_Required work_.
Without including any images, repeat the data exactly.

_Collected material_.
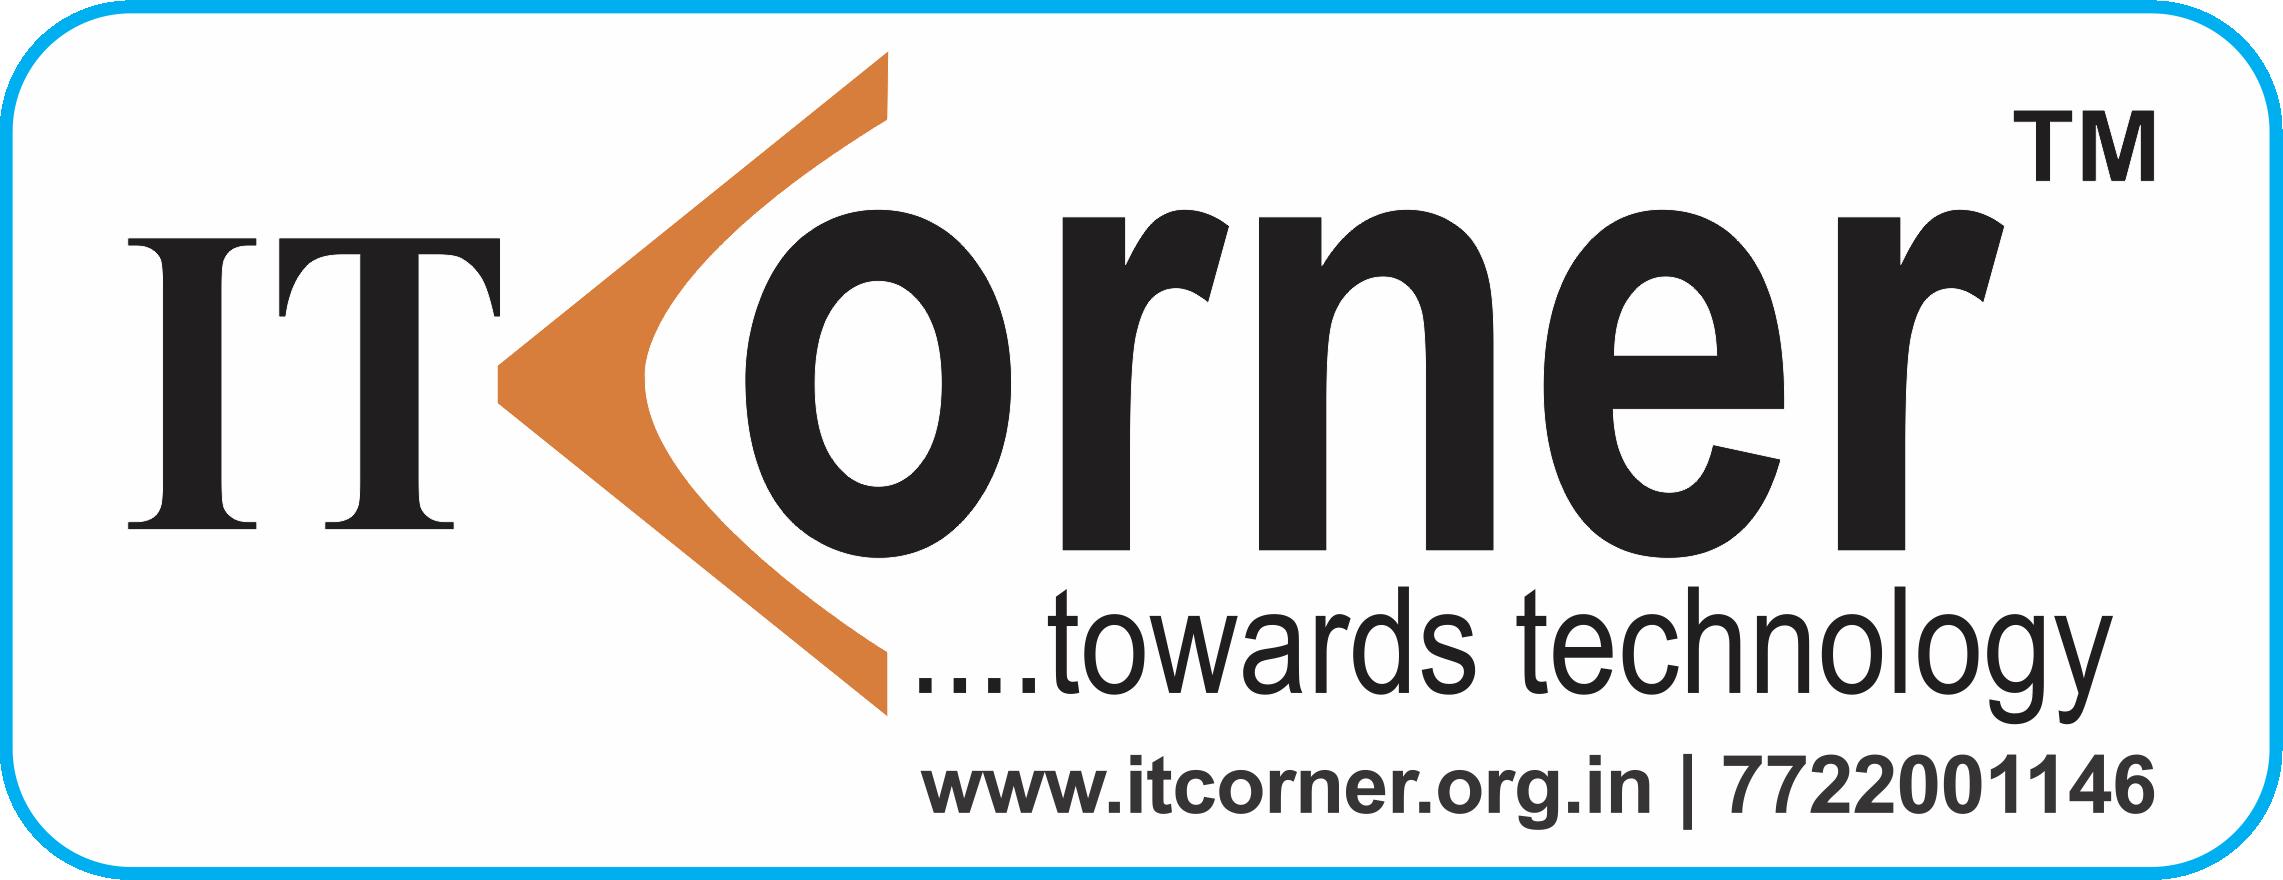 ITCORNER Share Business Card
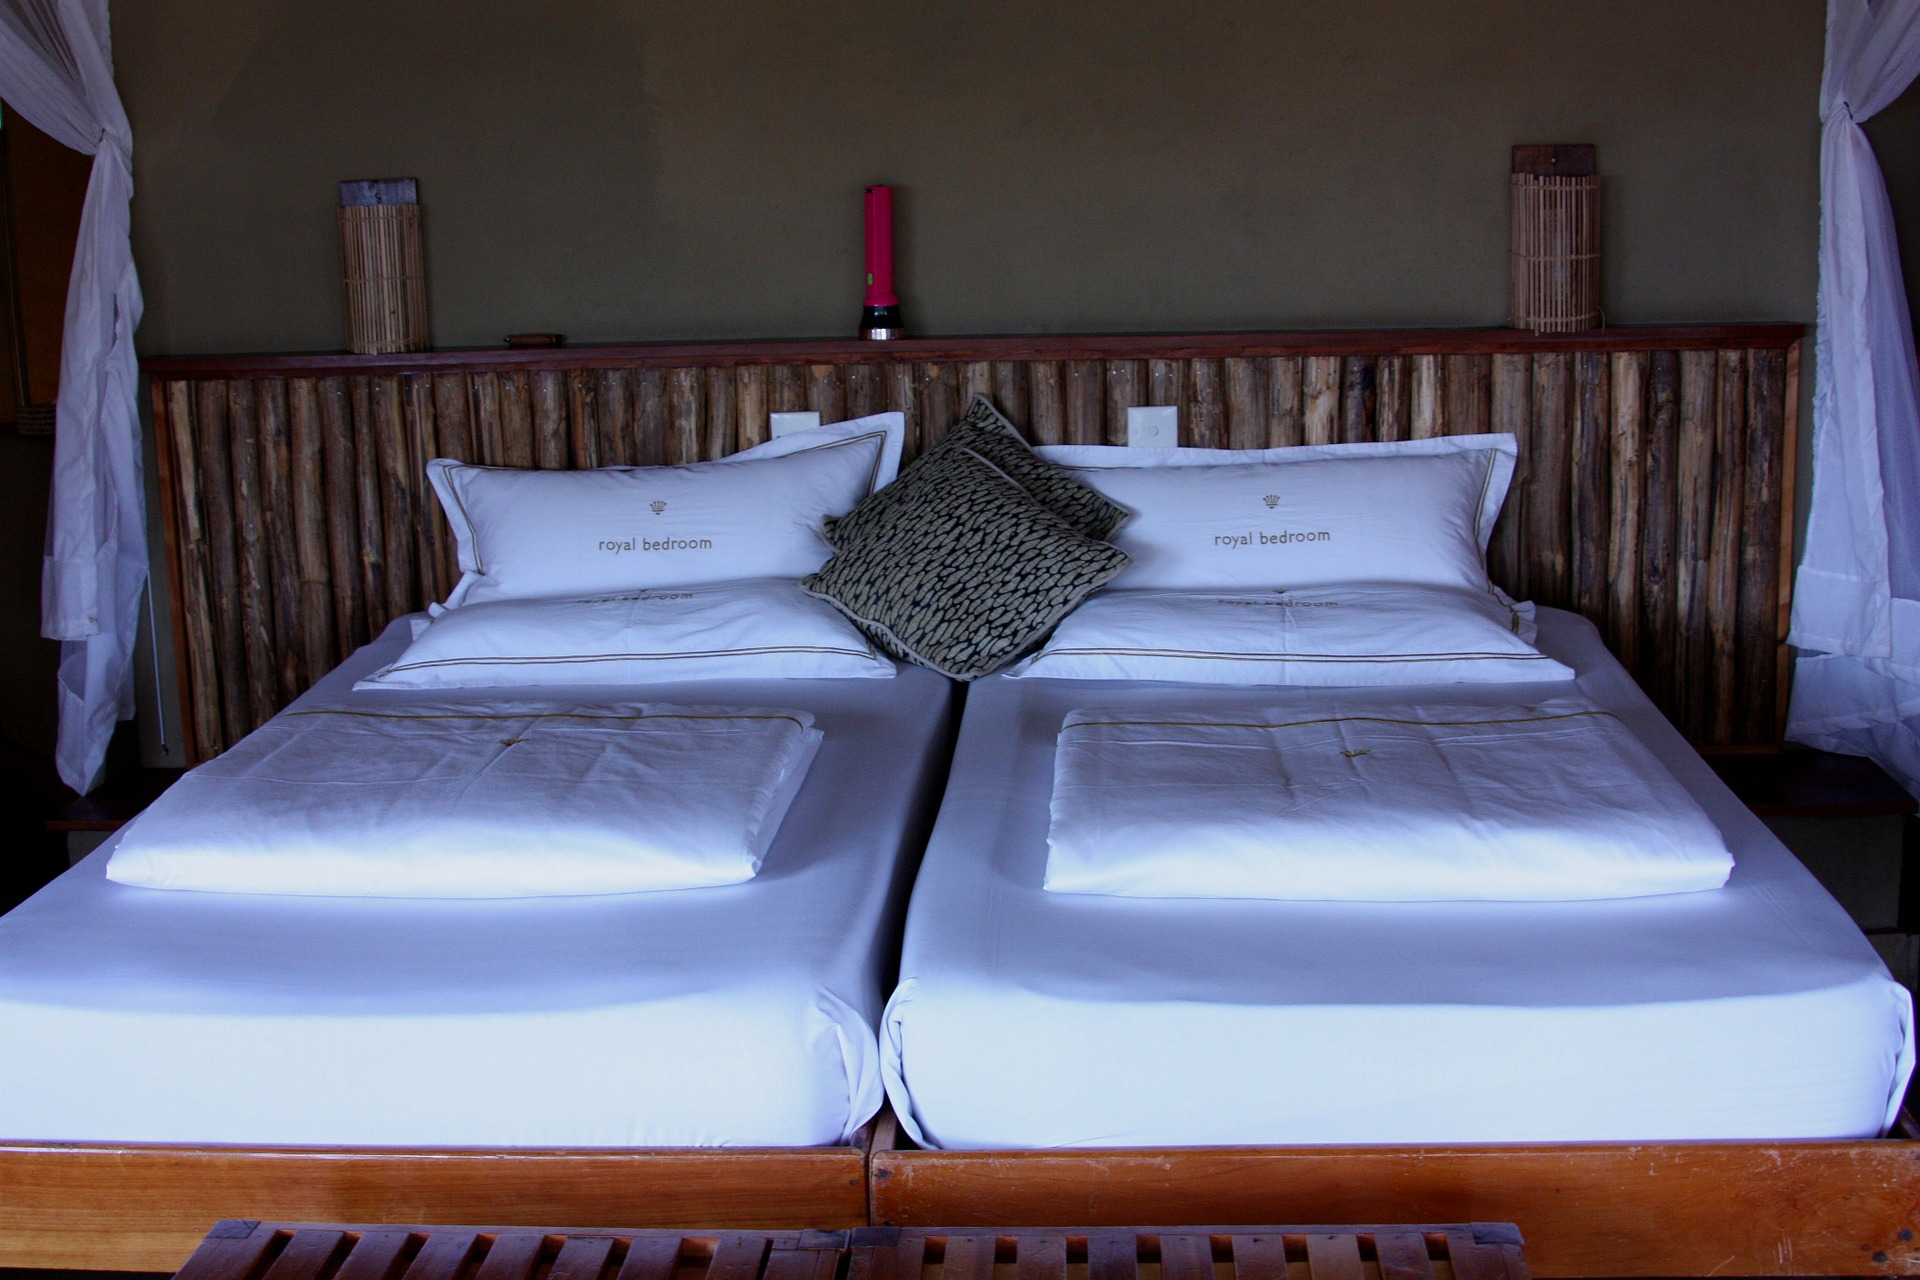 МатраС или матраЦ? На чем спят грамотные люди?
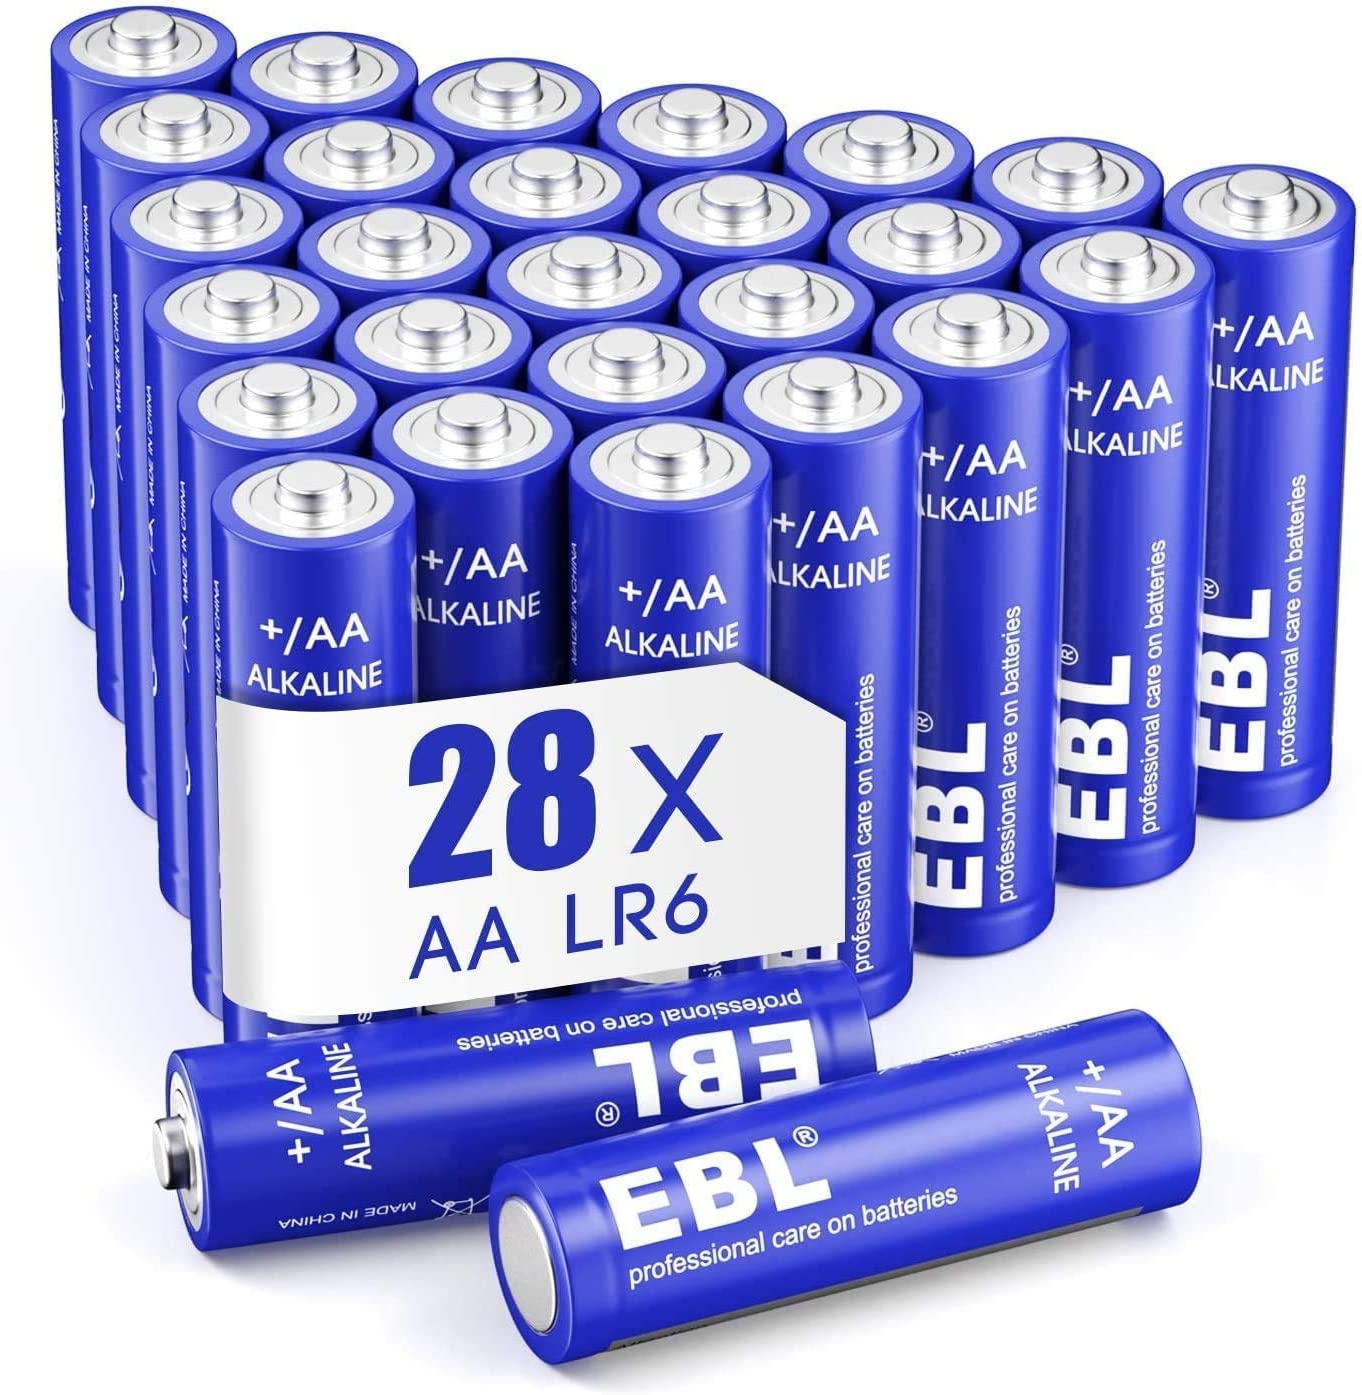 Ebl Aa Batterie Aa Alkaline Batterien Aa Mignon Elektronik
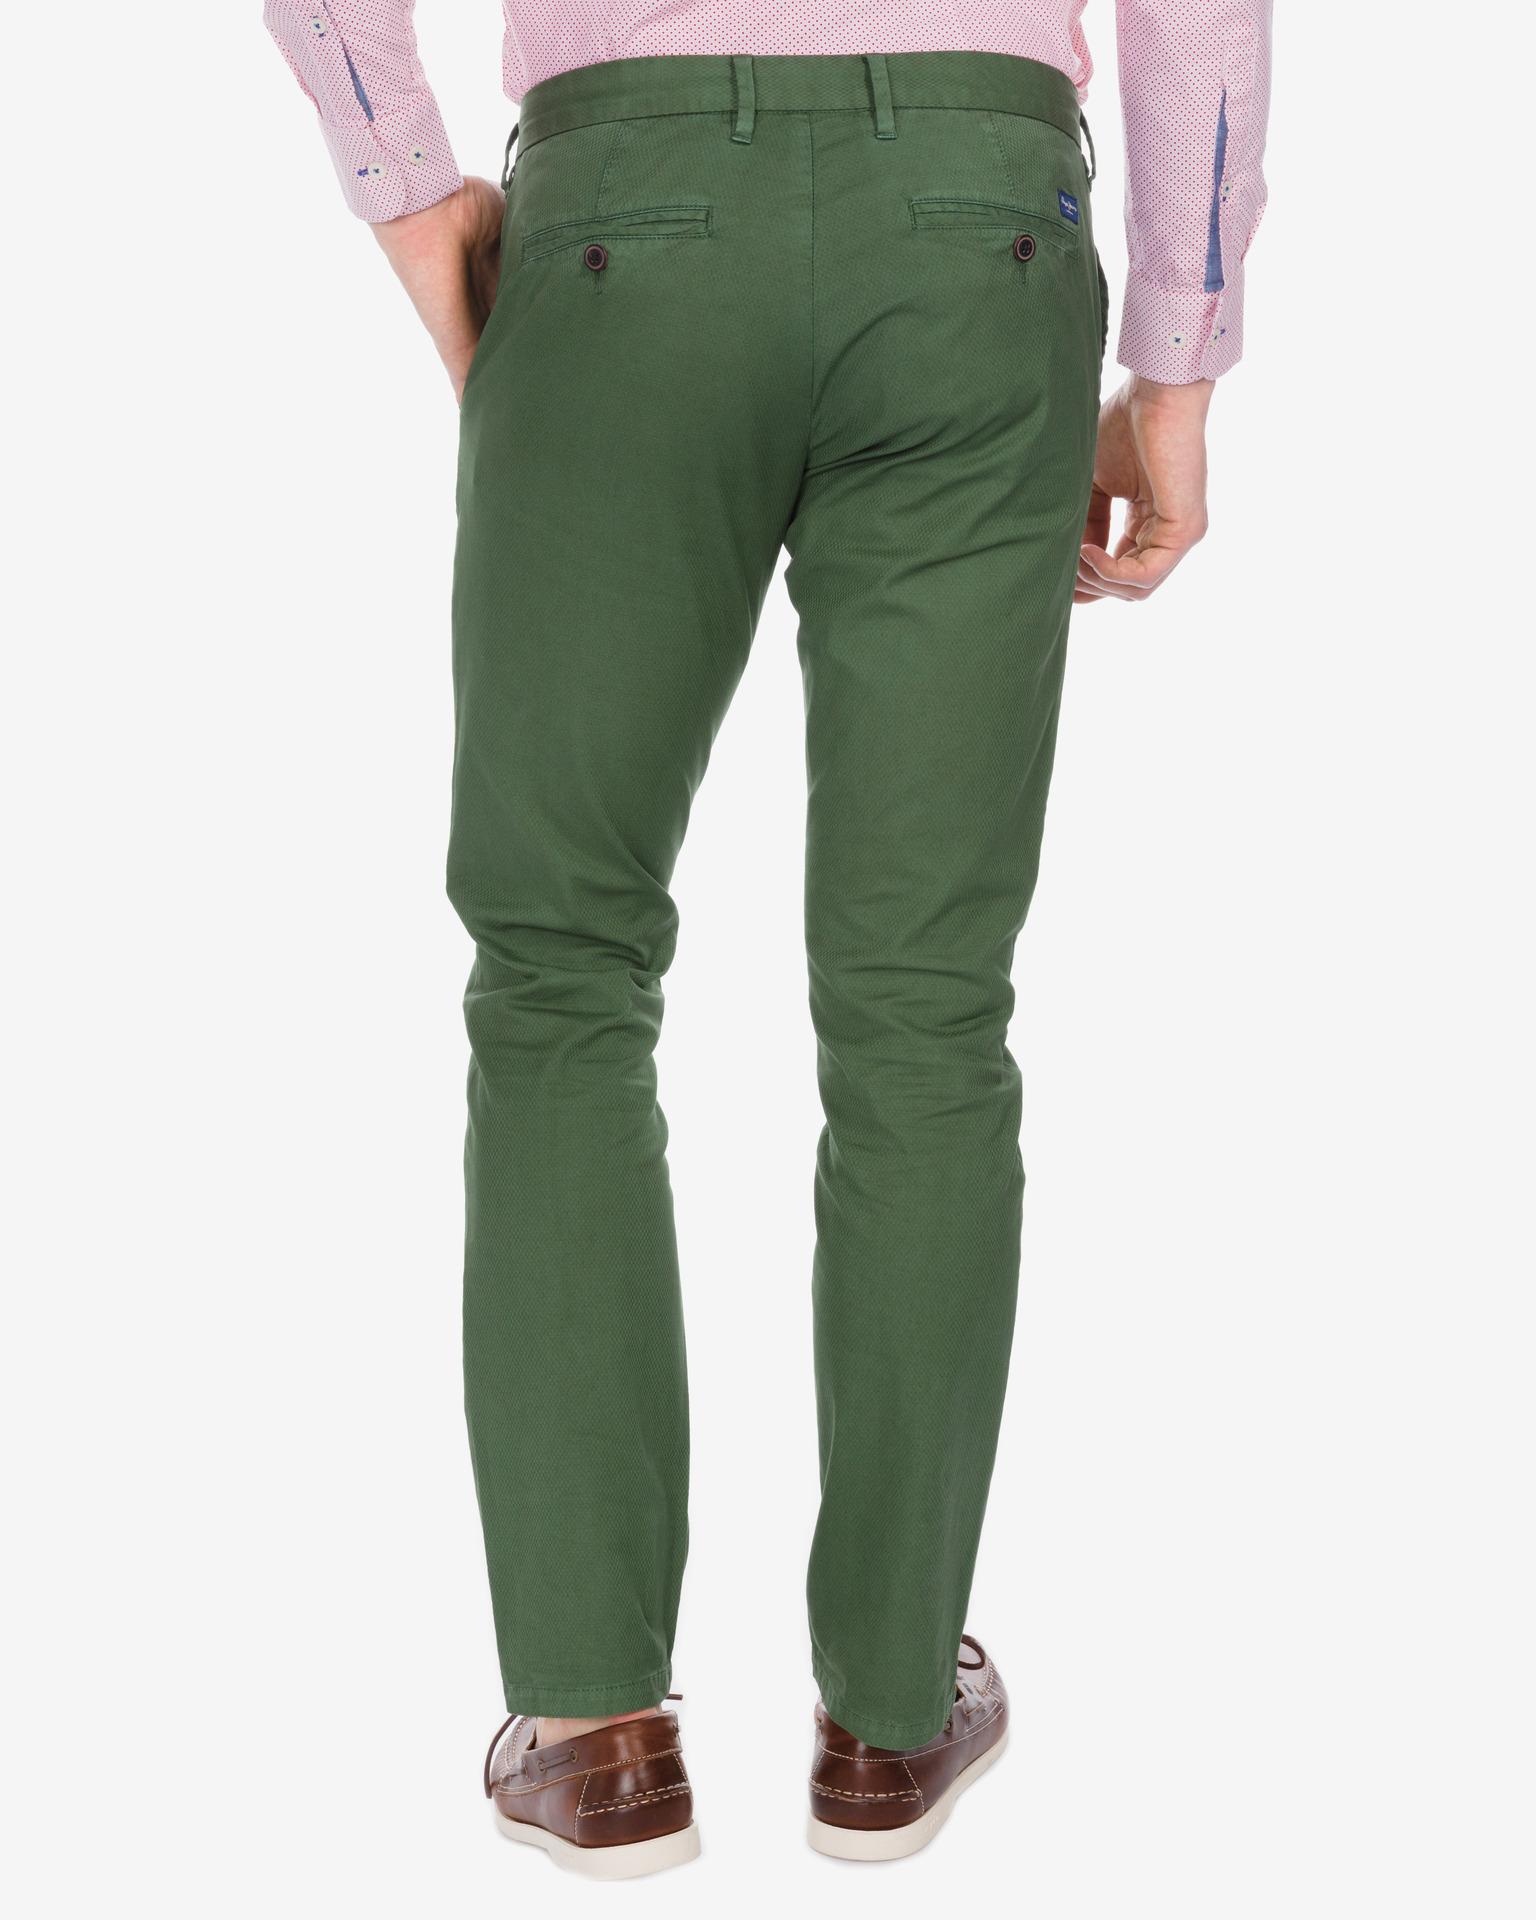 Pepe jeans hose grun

_Answer for this exercise_.
 ITCORNER Share Business Card
 МатраС или матраЦ? На чем спят грамотные люди?
 Ebl Aa Batterie Aa Alkaline Batterien Aa Mignon Elektronik
 Pepe jeans hose grun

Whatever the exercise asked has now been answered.